The study will include 40 children age 2-12 whose parents have stored cord blood at the Cord Blood Registry in Tucson, Ariz.

Umbilical cord blood is rich in stem cells, which can divide and morph into different types of cells throughout the body, said Dr. James Carroll, professor and chief of pediatric neurology in MCG School of Medicine and principal investigator on the study.

Cerebral palsy, caused by a brain injury or lack of oxygen in the brain before birth or during the first few years of life, can impair movement, learning, hearing, vision and cognitive skills. Two to 3 children in 1,000 are affected by it, according to the Centers for Disease Control.

Animal studies indicate that infused stem cells help injured brain cells recover and replace brain cells that have died, Dr. Carroll said.

"Autologous stem cell transplantation, in which the transplant recipient is also the donor, is the safest form of stem cell transplantation because it carries virtually no threat of immune system rejection," he said.

While no controlled clinical trials have been conducted to date, previous studies have shown marked improvement in children with cerebral palsy about three months after an initial infusion of cord blood.

"Evidence up to this point has been purely anecdotal," Dr. Carroll said. "While a variety of cord blood stem cell therapies have been used successfully for more than 20 years, this study is breaking new ground in advancing therapies for brain injury - a condition for which there is currently no cure."

Children will begin the study with a neurological exam by MCG pediatric neurologists Elizabeth Sekul and Nicole Brockway. Then, half of the study participants will receive an infusion of their own cord blood while the other half receive a placebo. Three months later, the children will be evaluated without physicians knowing which group received the stem cell infusion. Afterward, children who didn't get the cord blood initially will receive an infusion. Children will return three and six months later for evaluation.

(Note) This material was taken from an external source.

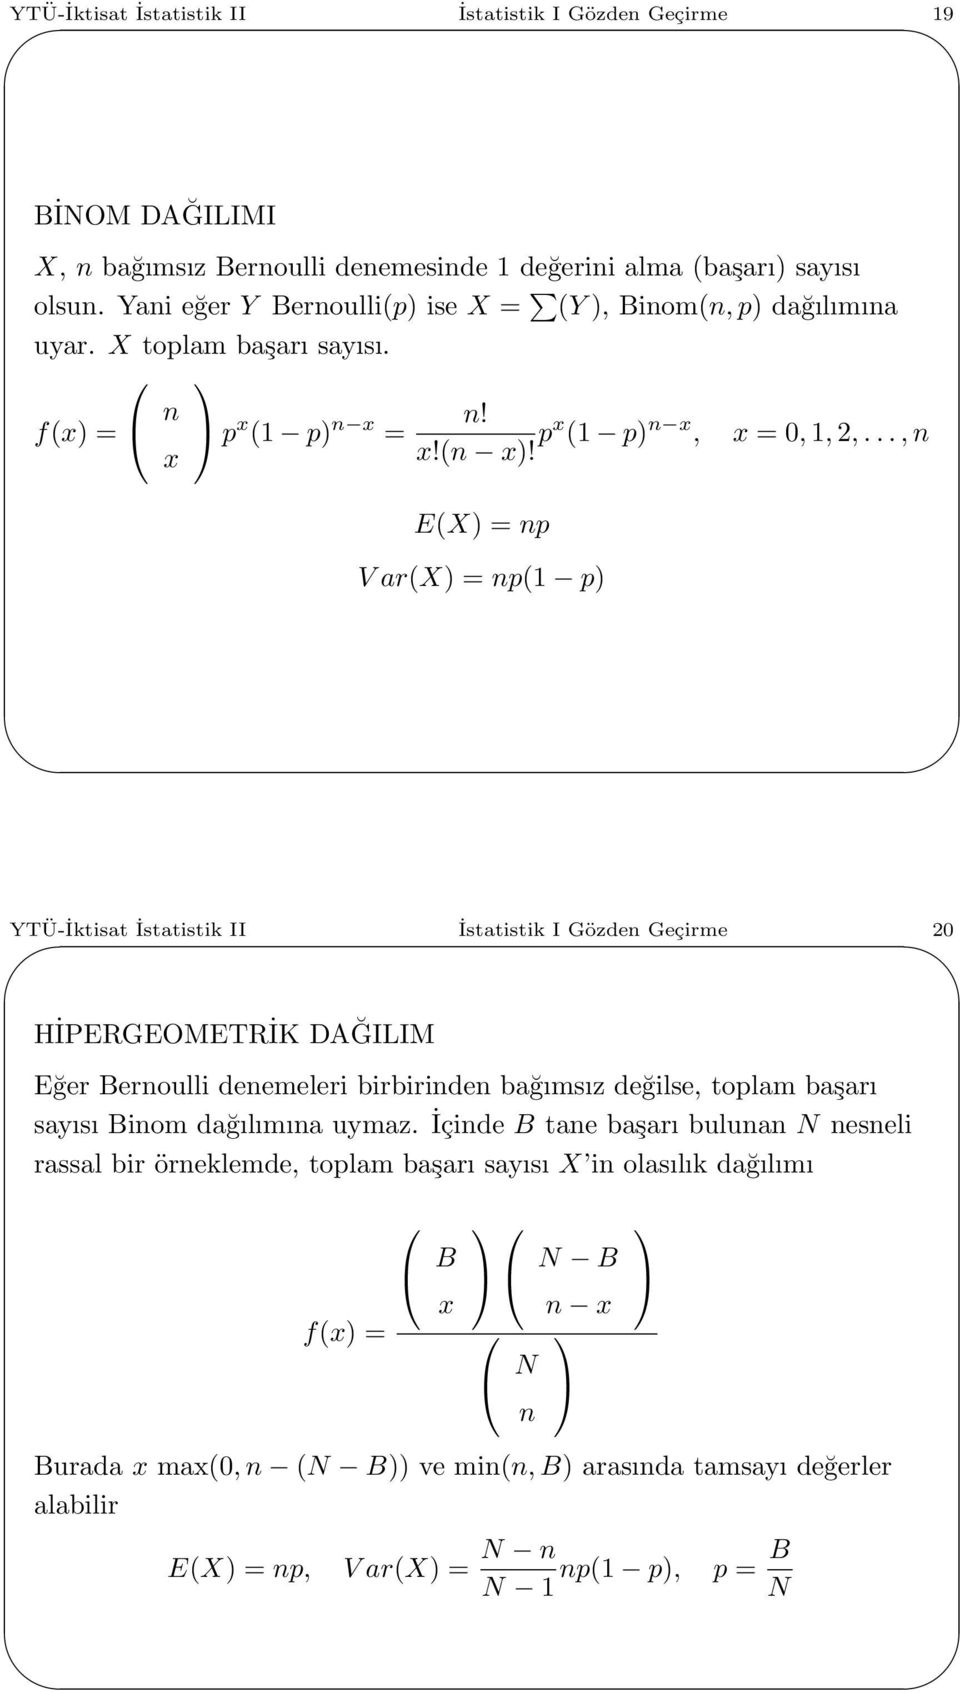 ..,n E(X) = np V ar(x) = np( p) YTÜ-İktisat İstatistik II İstatistik I Gözden Geçirme 2 HİPERGEOMETRİK DAĞILIM Eğer Bernoulli denemeleri birbirinden bağımsız değilse, toplam başarı

Researchers will periodically assess the children's motor skills and neurological development.

"For the purposes of this study, we're not looking at stem cells as a possible cure; rather whether stem cells can help change the course of these types of brain injuries in children," Dr. Carroll said.

Study participants must have been unable to sit independently by 12 months or unable to walk by 18 months and must be seizure-free or have seizures that are adequately controlled.

To ensure consistency in cord blood stem cell processing, storage and release for infusion, the Cord Blood Registry is the only family stem cell bank participating in the study.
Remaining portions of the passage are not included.